Charlie Williams

Personal information
- Born: 5 January 1977 (age 49) Seoul, South Korea

Pool career
- Country: United States
- Pool games: 9-Ball, Straight pool

= Charlie Williams (pool player) =

American pool player and promoter (born 1977)

Charlie Williams (born January 5, 1977, in Seoul, South Korea) is an American professional pool player.
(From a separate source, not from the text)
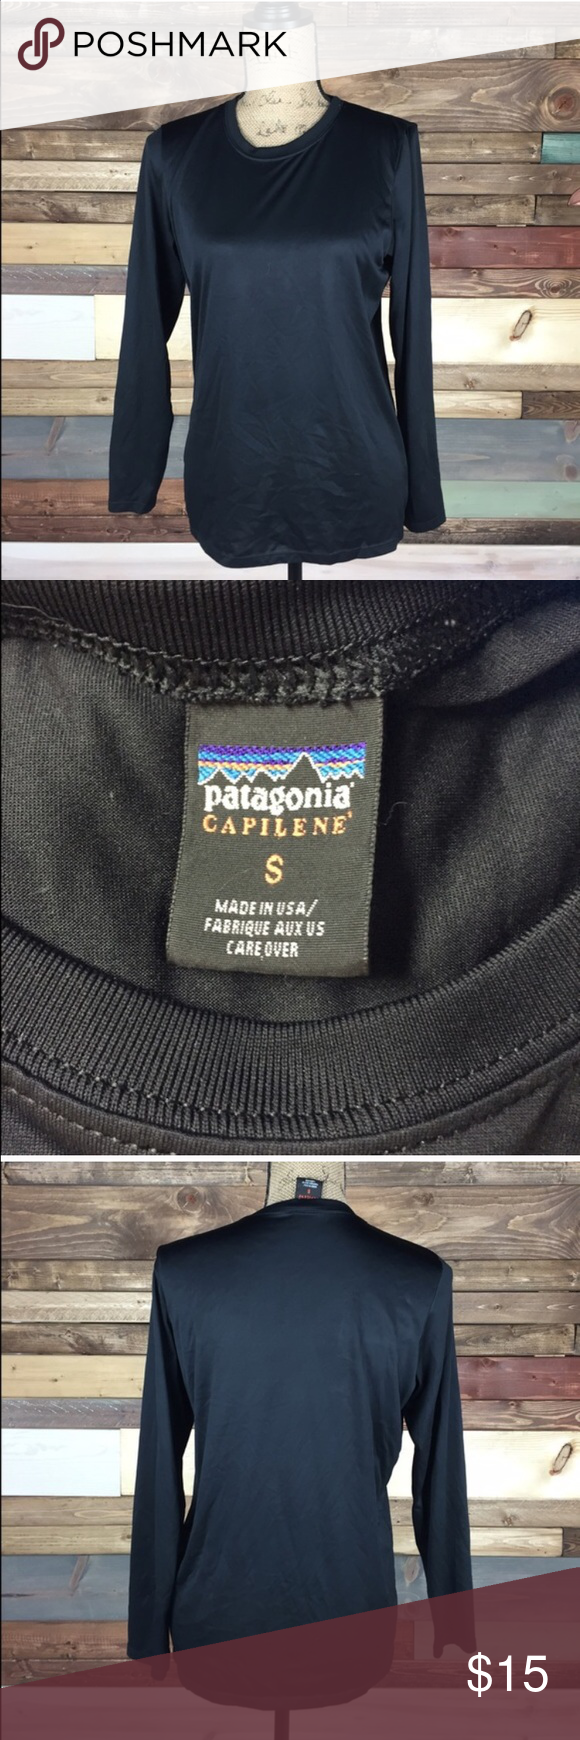 Patagonia Capilene Baselayer Patagonia Capilene Baselayer  Perfect layering piece for winter activities, stay warm.   #patagonia #baselayer #capilene #woodsnap Patagonia Tops Tees - Long Sleeve

Williams represented America as a player at the Mosconi Cup 5 times (2001, 2002, 2003, 2004 and 2005) and as a non-playing captain in 2011. In 2001, Williams founded the sports marketing company Dragon Promotions.

At the 2008 WPA World Ten-ball Championships, Williams would reach the quarter-finals, defeating Chang Jung-lin (9–8), and Fu Che-wei (9–5), before losing to Darren Appleton 11–5.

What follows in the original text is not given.